The foregoing represents merely a fraction of the intellectual riches and interpretive possibilities to be found in this collection of twenty-one essays in honor of Ernst Badian. The contributions, each by a former student or colleague, cover not only a wide range of topics but also a wide range of historical disciplines, from numismatics (William T. Loomis, “The Introduction of the Denarius”, pp. 338-55) and epigraphy (William M. Calder III, “The Seuthopolis Inscription”, pp. 167-78), to literary and historiographical analysis (Judith P. Hallett, “The Political Backdrop of Plautus’Casina, pp. 409-38; Warrior, cited above), as well as traditional historical and political studies, whether of specific episodes (Thomas R. Martin, “Adeimantos of Lampsakos and Demetrios Poliorketes’ Fraudulent Peace of 302 BC”, pp. 179-90), or of more general thematic questions (Cawkwell, cited above; Walter Eder, “Republicans and Sinners: The Decline of the Roman Republic …”, pp. 439-61).
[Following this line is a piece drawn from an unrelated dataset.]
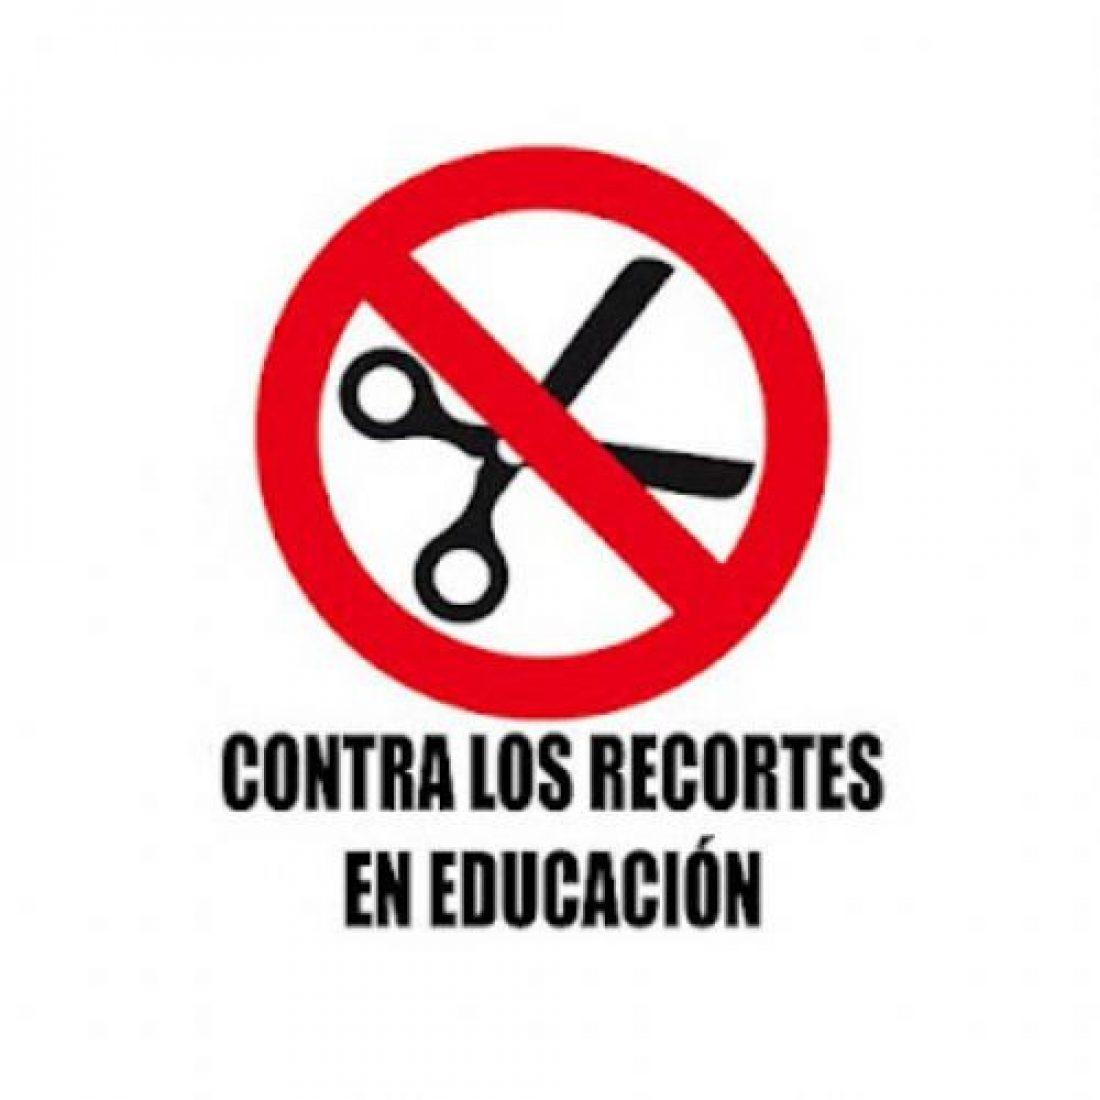 CGT denuncia la falta de previsión de la Consejería de Educación ante las bolsas de personal interino vacías en varias especialidades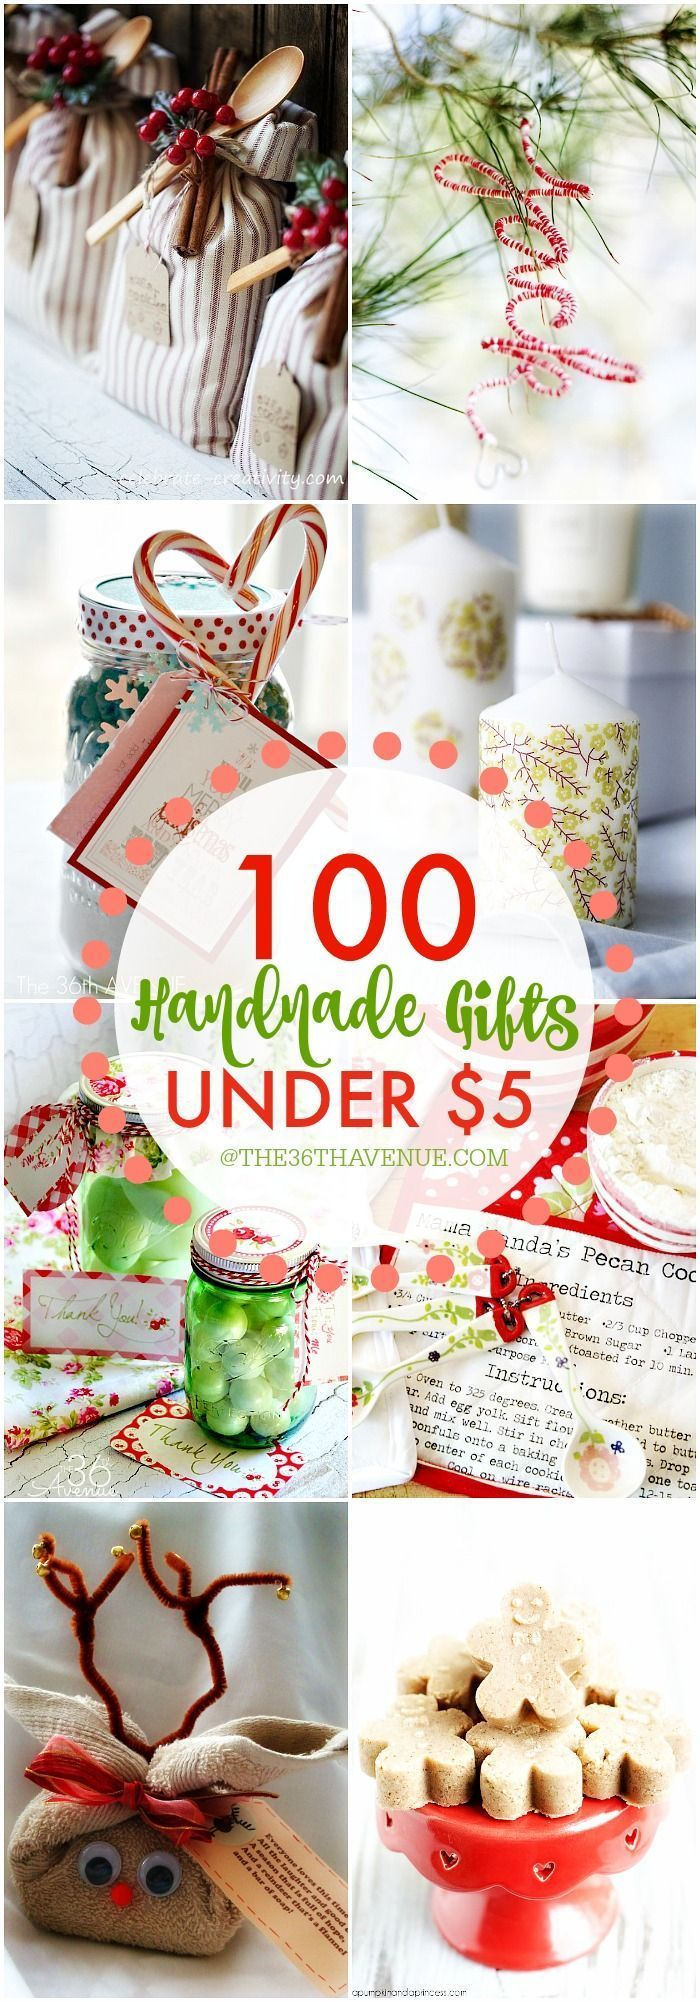 Edible Christmas Gifts | Christmas: Gifts to Make | Pinterest ...

A bibliography of Badian’s publications compiled by Corey Brennan reminds those of us at the beginning of our academic lives what it is to have a productive scholarly career (pp. 463-75). One of the great Roman historians of our age can be confident that his exemplary intelligence, readability, and scholarship have had a lasting and unmistakable impact on an entire generation of scholars.